━━━━━ The data

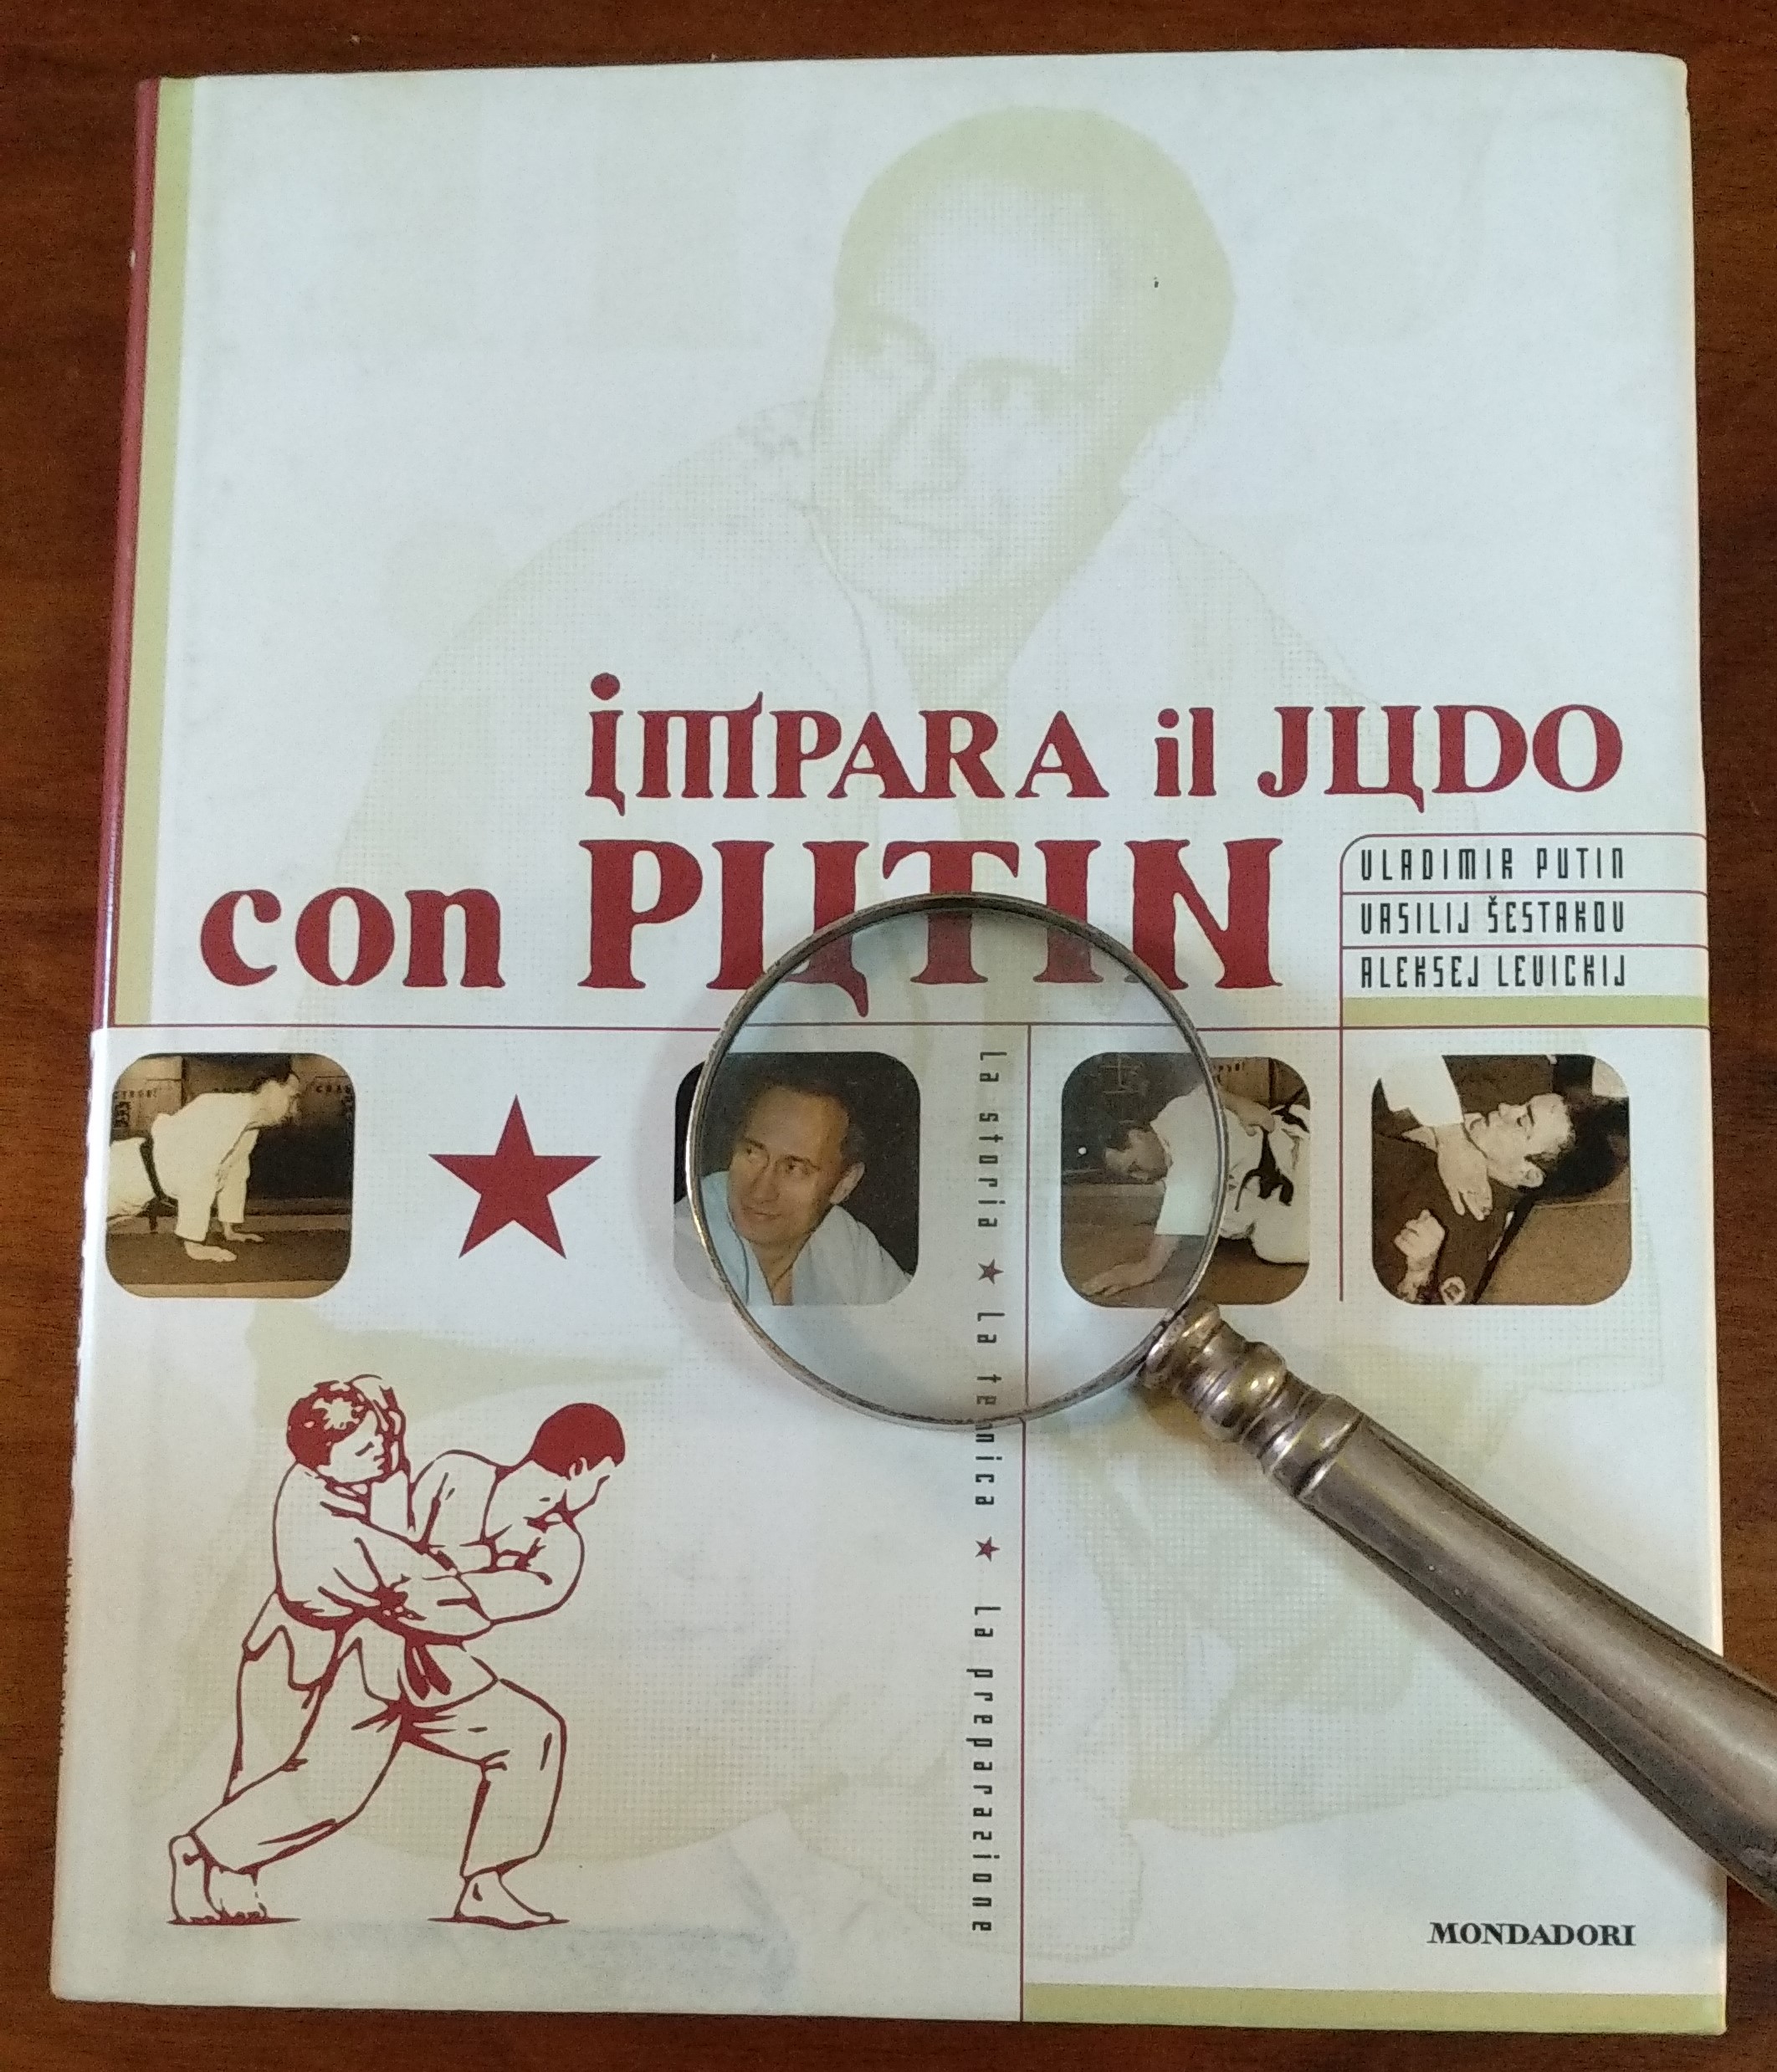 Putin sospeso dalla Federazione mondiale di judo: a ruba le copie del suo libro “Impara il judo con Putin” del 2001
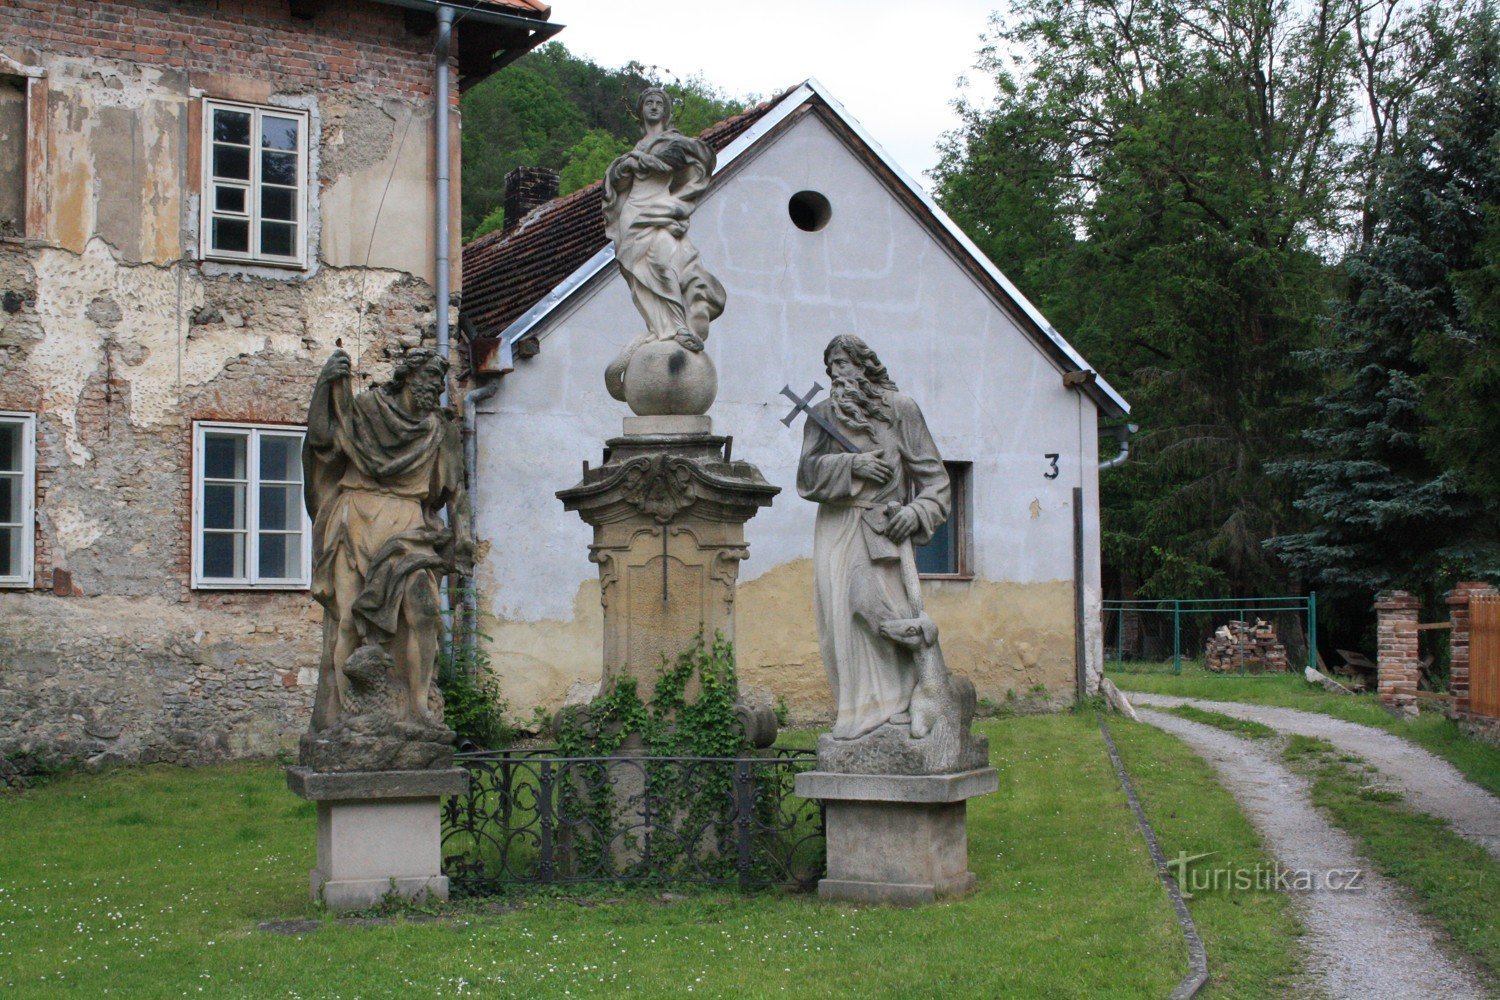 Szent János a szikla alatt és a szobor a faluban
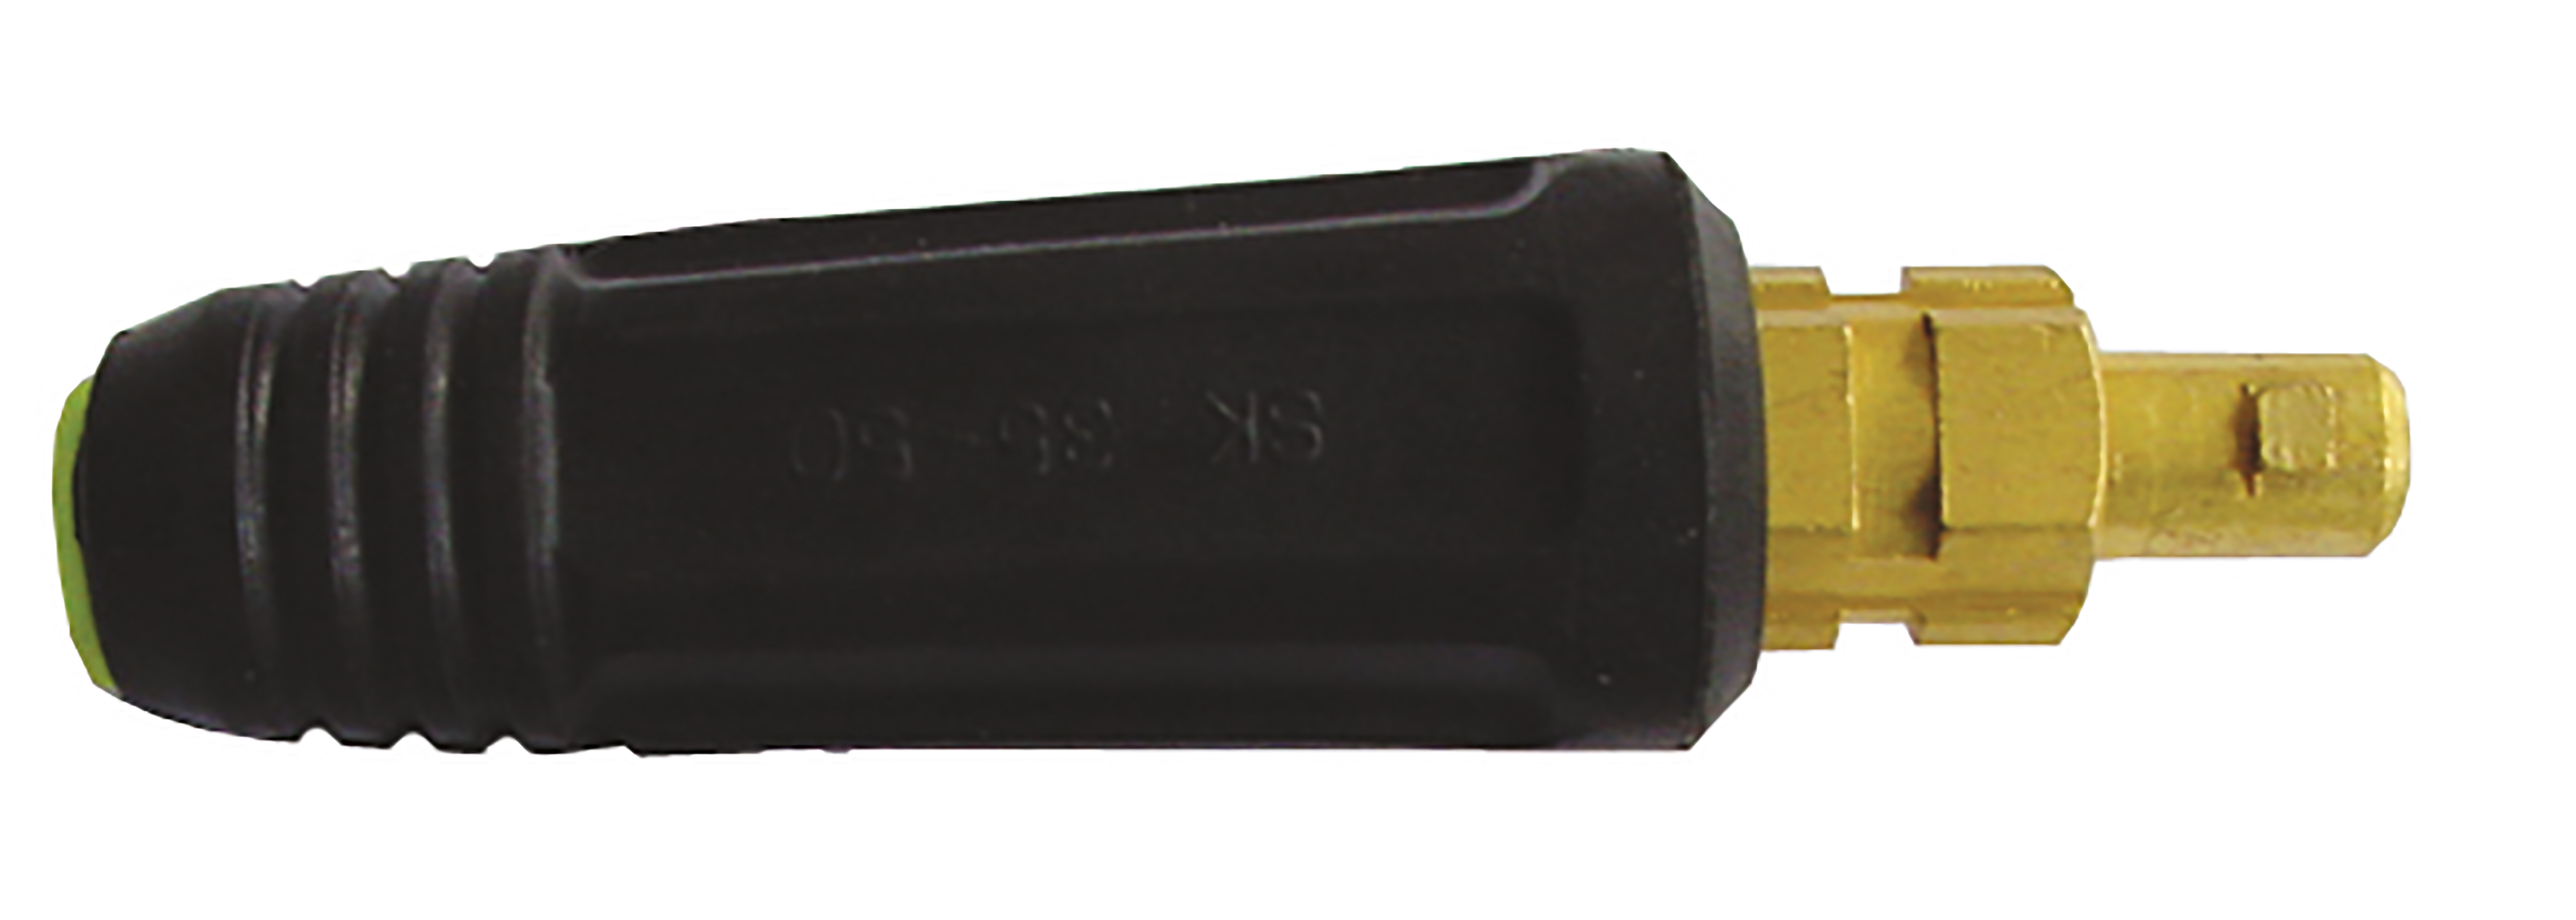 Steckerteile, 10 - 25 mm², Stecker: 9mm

━━━━━━━━━━

Activity
Every line above should be printed again word for word, without its pictures.

Output
 Putin sospeso dalla Federazione mondiale di judo: a ruba le copie del suo libro “Impara il judo con Putin” del 2001
 Szent János a szikla alatt és a szobor a faluban
 Steckerteile, 10 - 25 mm², Stecker: 9mm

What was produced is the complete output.